Vicentina, 19 de Fevereiro de 2020
Quinta, 02 de Janeiro de 2020 - 13h08
Juiz determina fiança de R$ 100 mil para piloto de avião que destruiu apartamento do vizinho
Renata Portela

O piloto de avião preso no último dia 31 por danificar o apartamento do vizinho, no condomínio localizado em frente ao Shopping Campo Grande na Avenida Afonso Pena, poderá ter que desembolsar R$ 100 mil para responder ao processo em liberdade. A fiança foi arbitrada pelo juiz de direito em audiência de custódia nesta quinta-feira (2).

Na audiência, o preso negou ter sofrido qualquer tipo de agressão durante a prisão em flagrante, tanto por parte da Polícia Militar quanto da Polícia Civil. O MPMS (Ministério Público de Mato Grosso do Sul) se manifestou pela conversão da prisão em flagrante para prisão preventiva. Já o advogado de defesa pediu liberdade provisória mediante medidas cautelares.

Conforme o juiz Luiz Felipe Medeiros Vieira, o crime imputado ao acusado foi o crime de dano. Não foi concedida fiança pelo delegado que atendeu ao caso, já que os crimes registrados em boletim de ocorrência somavam pena de restrição de liberdade superior a 4 anos. Para o juiz, torna-se permitida concessão de fiança e medida cautelar diversa de prisão.

Por fim, o juiz decidiu pela conversão da prisão em flagrante em liberdade provisória, mediante pagamento de R$ 100 mil em fiança. O acusado pode voltar a ser preso caso não compareça, sem motivo justo, para ato do processo, ou se praticar ato de obstrução ao andamento do processo, se descumprir qualquer medida cautelar imposta, resistir à ordem judicial ou mesmo se praticar nova infração penal dolosa.

Assim que foi feito o pagamento, ele será colocado em liberdade provisória. O advogado de defesa, Jaques de Andrade, alegou ao Jornal Midiamax que eles tentarão recorrer quanto ao valor arbitrado em fiança para o acusado. Eles têm um prazo de 48 horas para recorrerem da decisão.

Versão do acusado

Também conforme o advogado de defesa, ele deve pedir salvo conduto para que o cliente possa representar a defesa dele. Segundo Jaques, o acusado foi injustamente agredido pelo vizinho do prédio e movido por emoção mediante injusta agressão física, inclusive contra o filho dele de 10 anos.

A esposa do piloto de avião, que chegou a ser denunciada por ter participado dos danos no apartamento e também de agressão contra o vizinho, registrou boletim de ocorrência contra o morador. Ela relatou que viu do apartamento o marido ser agredido pelo vizinho no térreo e que desceu separar a briga. O filho dela estaria envolvido na confusão e estaria chorando por ter sido empurrado pelo morador e jogado contra um vaso de plantas.

A mulher ainda alegou que foi ameaçada pelo vizinho e que o esposo acabou se alterando por conta das agressões. Um vizinho foi arrolado como testemunha ocular do caso. O piloto, preso em flagrante, chegou a alegar para a polícia que comprou bombinhas para soltar na avenida com o filho, quando o vizinho teria chegado provocando a confusão.

Apartamento e veículos danificados

O advogado de 56 anos relatou que foi ameaçado e queimado quando desceu para a falar com o vizinho no térreo do prédio.
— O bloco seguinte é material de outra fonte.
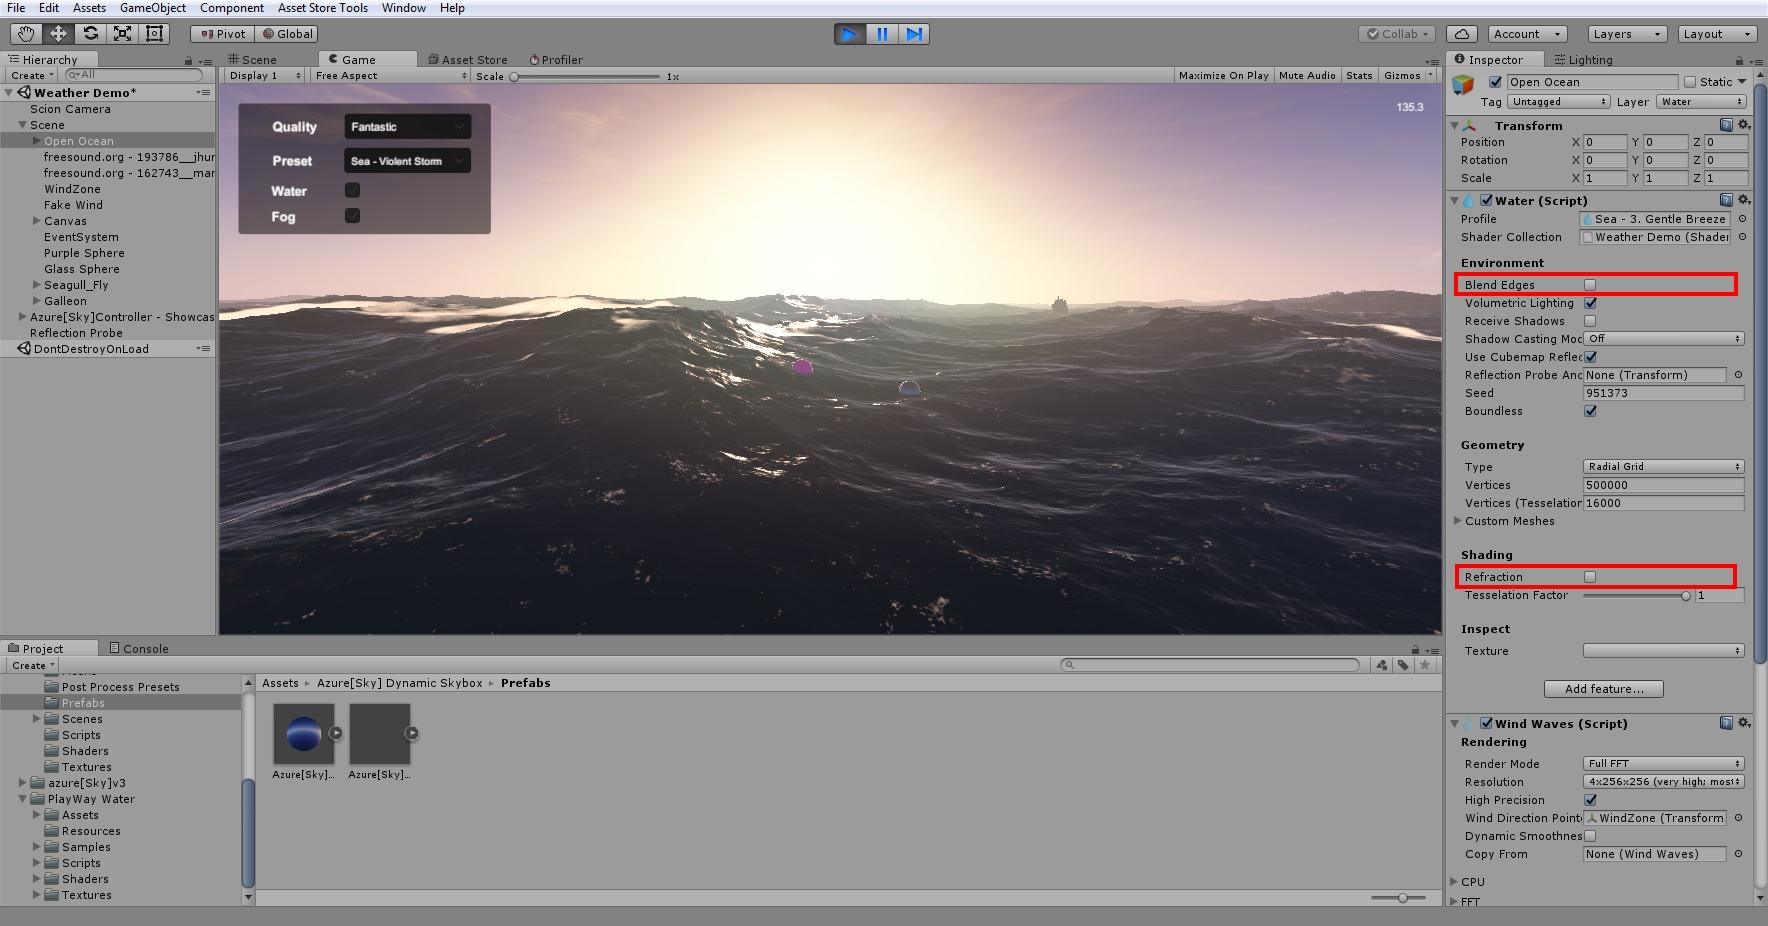 Azure[Sky] - Dynamic Skybox | Page 10 - Unity Forum

Ele confirmou para a polícia que deu um soco no homem após ter início a confusão e correu para o apartamento, quando o vizinho foi até lá com a esposa e danificou o imóvel.
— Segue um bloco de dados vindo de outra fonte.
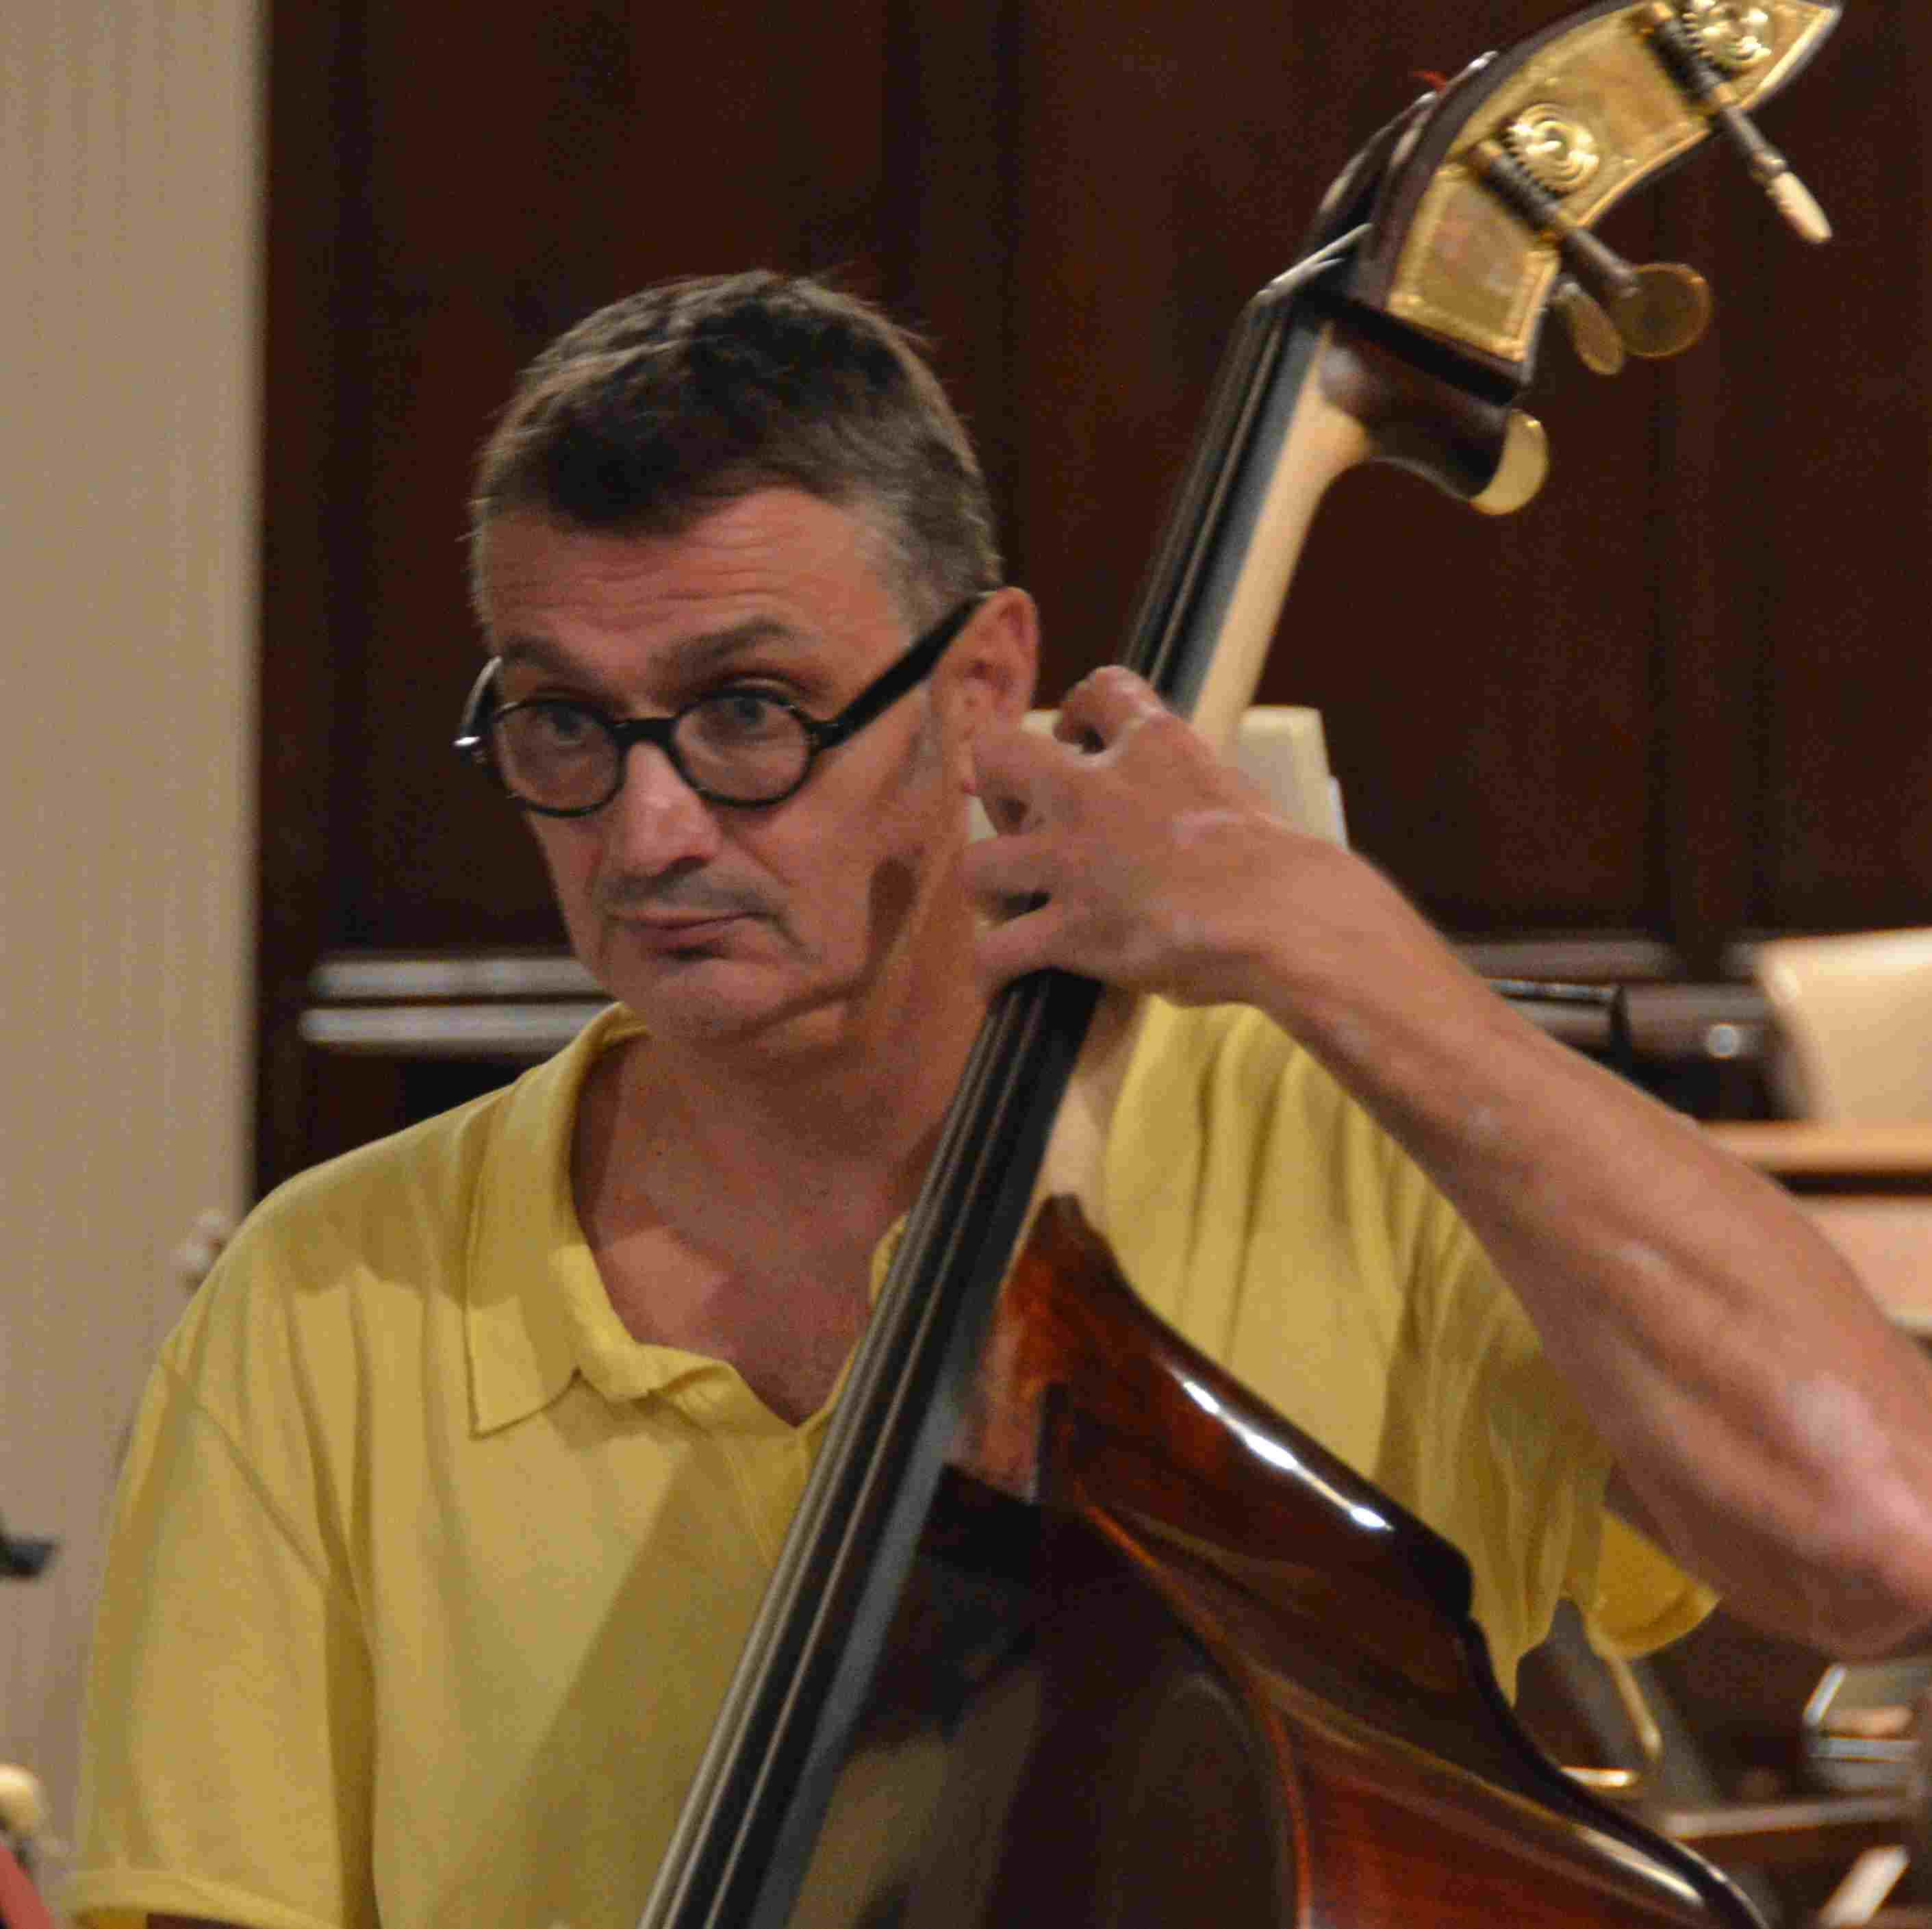 Patrick LAFROGNE - contrebasse

Além da porta da frente quebrada e derrubada, o piloto sujou o apartamento com extintores de incêndio e quebrou vários objetos da casa. Até o cachorrinho do morador ficou ferido durante a confusão. Em seguida o homem foi até a garagem e riscou a Mercedes-Benz da vítima, de fora a fora, tanto nas laterais quanto em cima. Ele também quebrou o retrovisor do carro e jogou a motocicleta da vítima, uma Harley-Davidson, no chão.

Para o morador, ele teve um prejuízo de aproximadamente R$ 70 mil. Polícia Militar esteve no local e fez a prisão do morador, que conforme testemunhas estaria bastante alterado. Em depoimento ele negou ter feito uso de álcool. O delegado plantonista o enquadrou nos crimes de ameaça, dano qualificado se cometido com violência à pessoa ou grave ameaça e violação a domicilio, qualificado se cometido durante a noite ou com emprego de violência ou por duas ou mais pessoas.